Von den letzten 15 Besten Filmen (seit Einführung des Preferential Ballot 2009) gewannen 3 Filme für den besten Score, vier Filme für den besten Schnitt, fünf Filme für die/den besten Hauptdarstellerin und 6 für die/den besten Nebendarstellerin. Die meisten Überschneidungen mit dem Hauptpreis gibt es aber in den Kategorien Regie (neun mal) und Drehbuch (elf mal).
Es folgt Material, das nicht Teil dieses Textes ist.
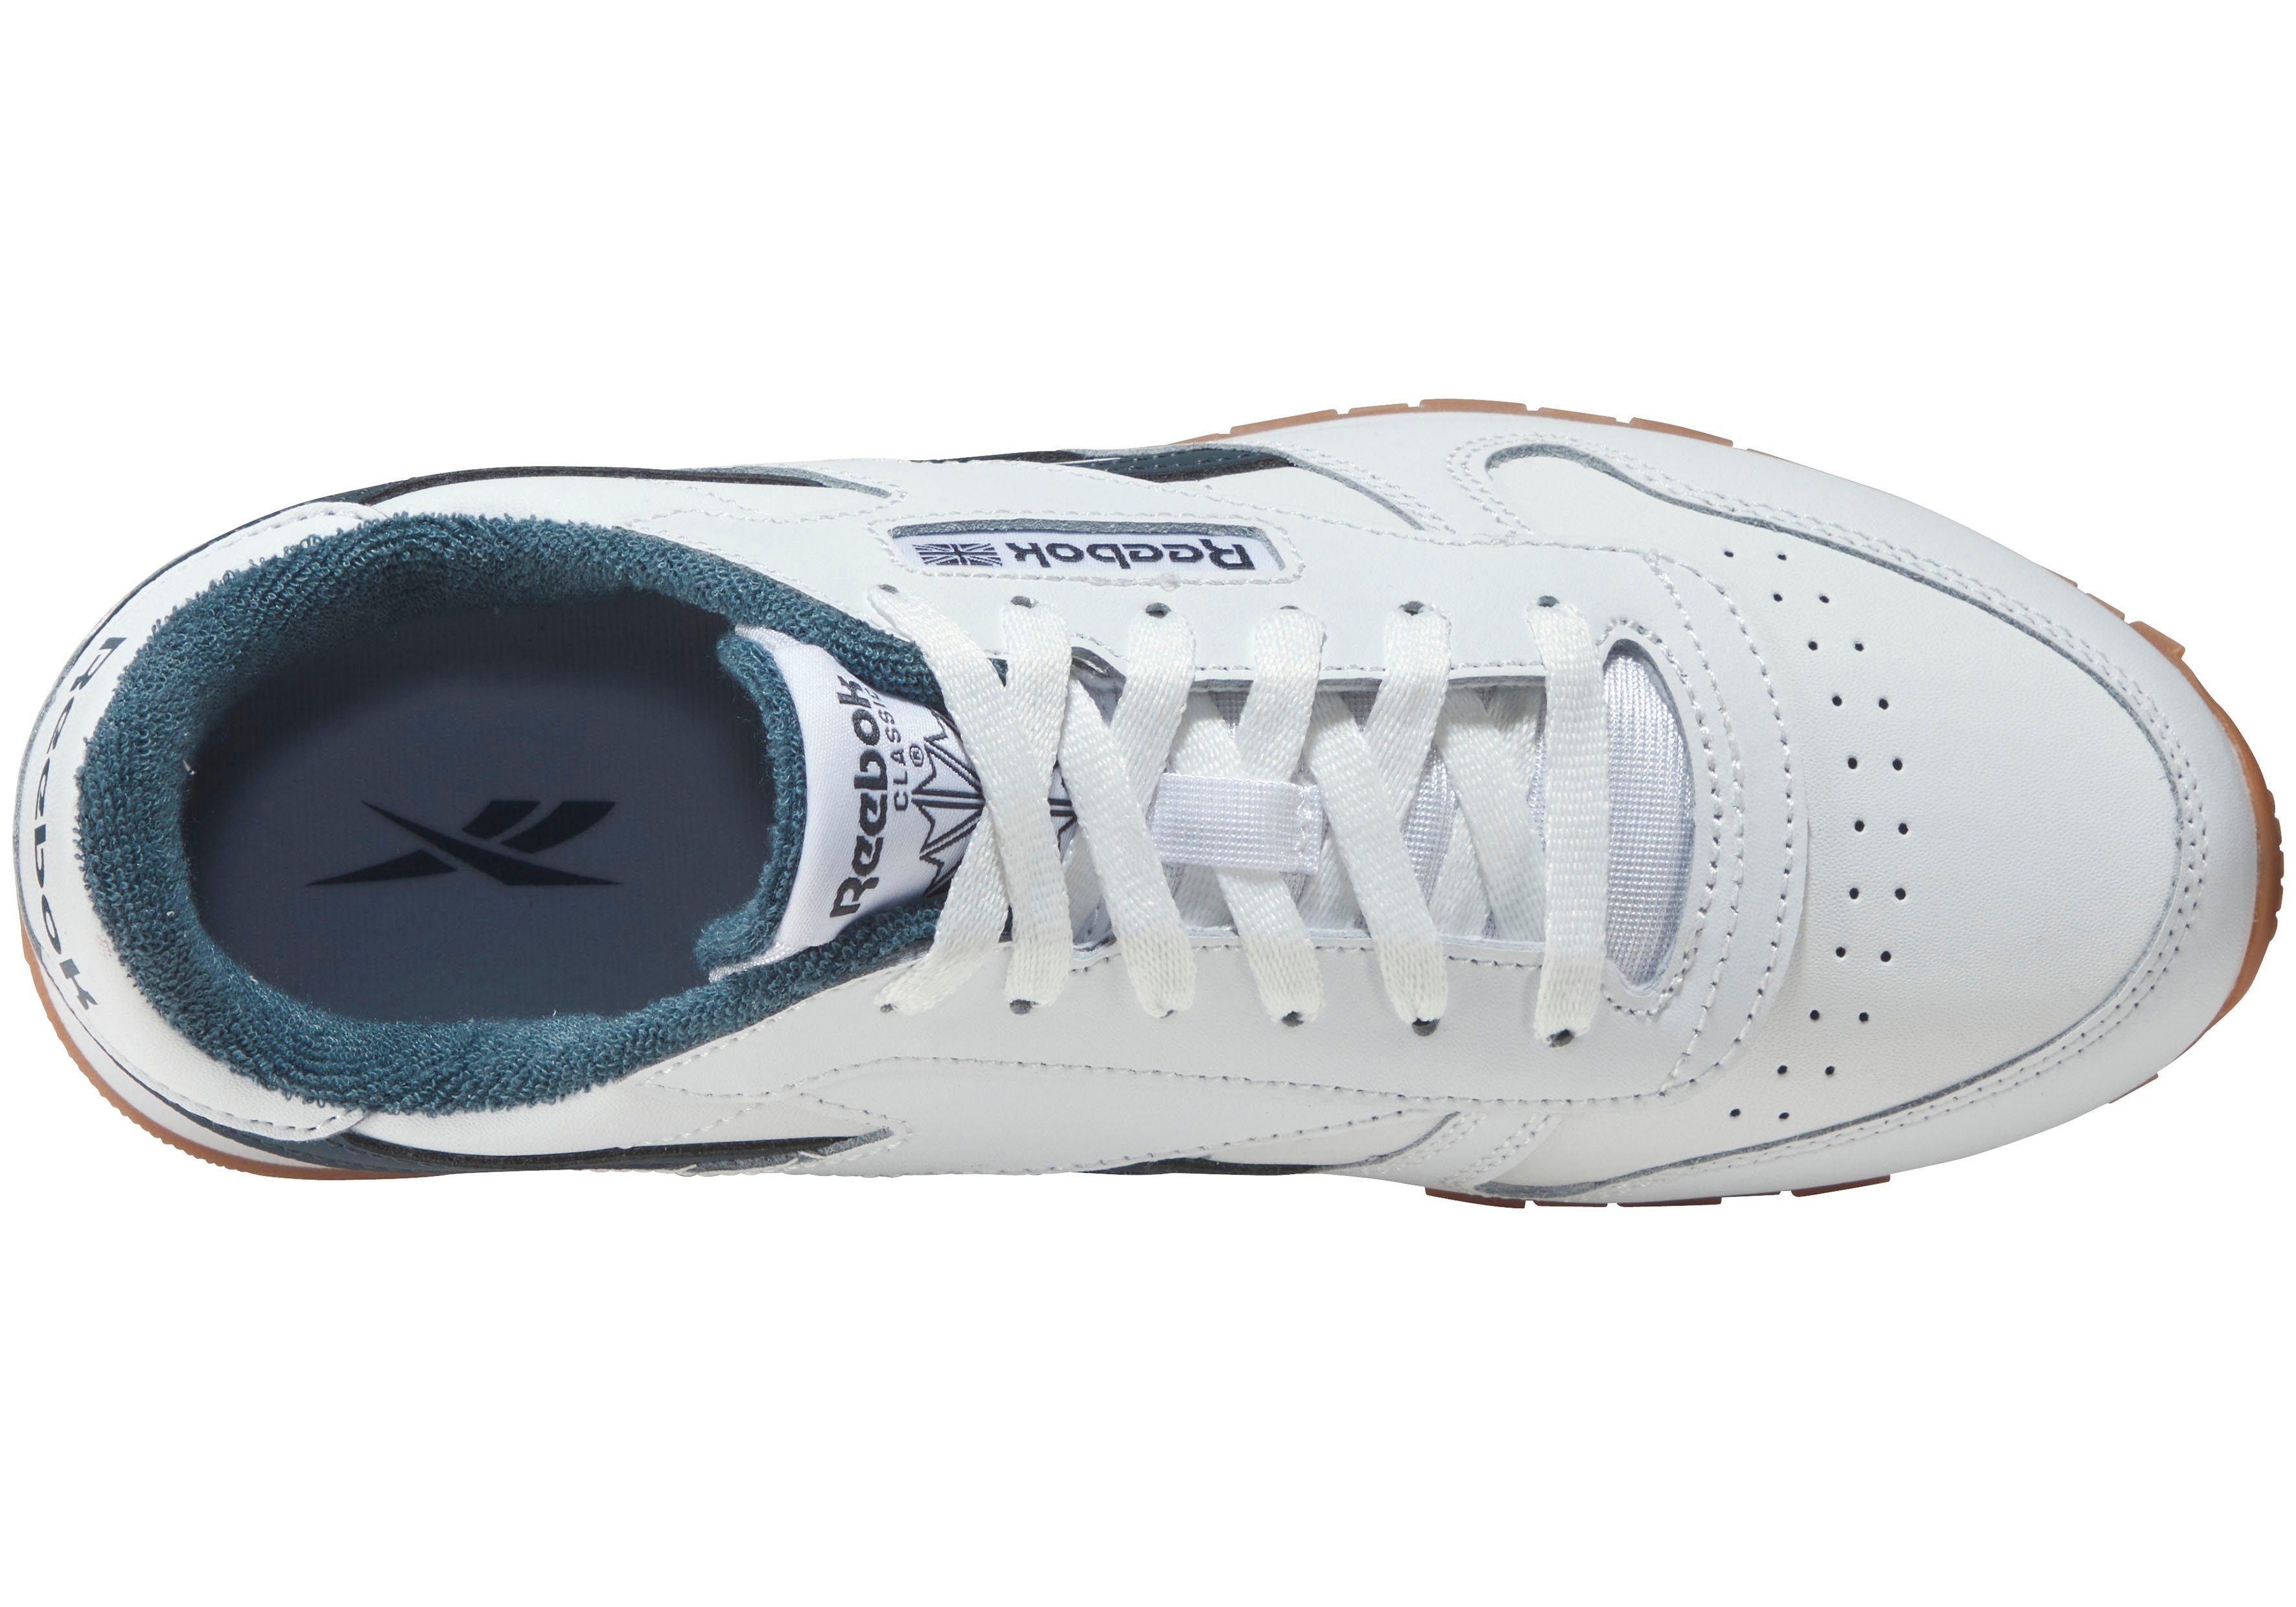 Sneaker LEATHER Classic Reebok weiß-blau CLASSIC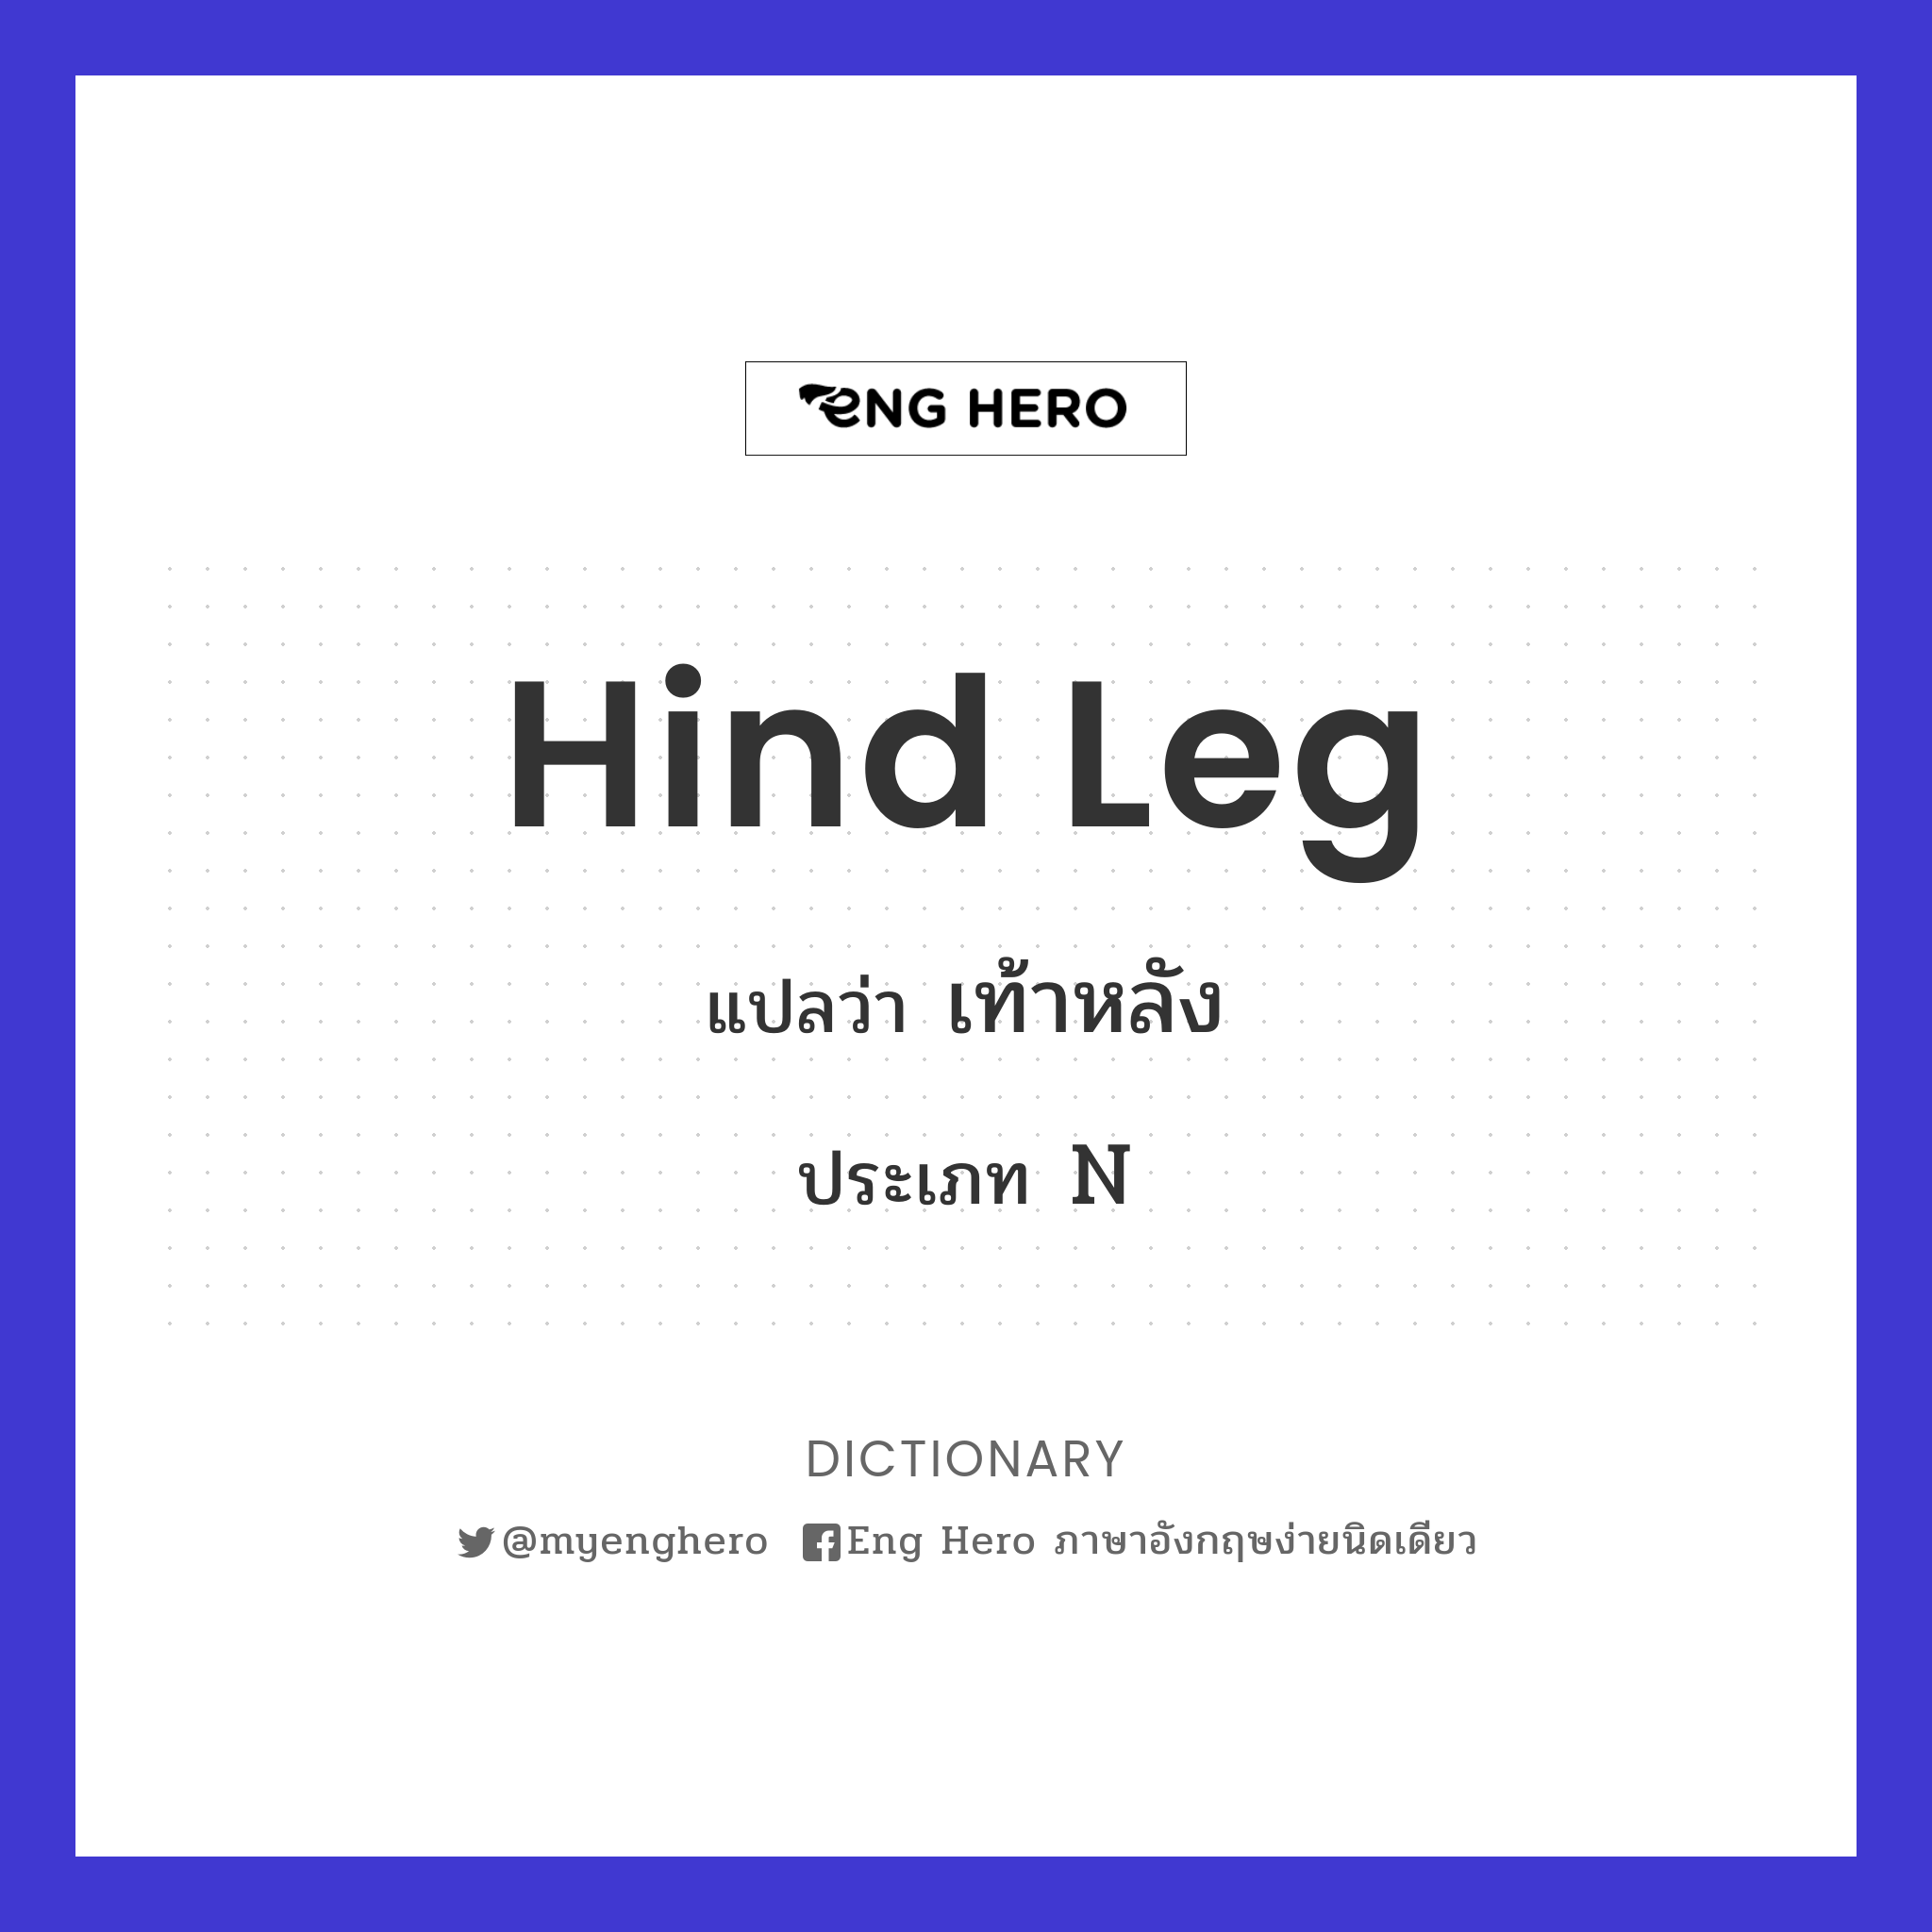 hind leg

Wer in einer oder besser noch in beiden Kategorien gewinnt (letzteres kam seit 2009 fünfmal vor), hat sehr gute Chancen, als Bester Film des Jahrgangs 2024 in die Annalen der Academy einzugehen.
Es ist daher sinnvoll, den letzten Teil meiner Oscarprognose 2024 mit diesen beiden Kategorien zu beginnen.
I. Drehbuch

a) Original Drehbuch
Alle hier nominierten Drehbücher wurden von ihren jeweiligen Regisseuren verfasst oder mit verfasst.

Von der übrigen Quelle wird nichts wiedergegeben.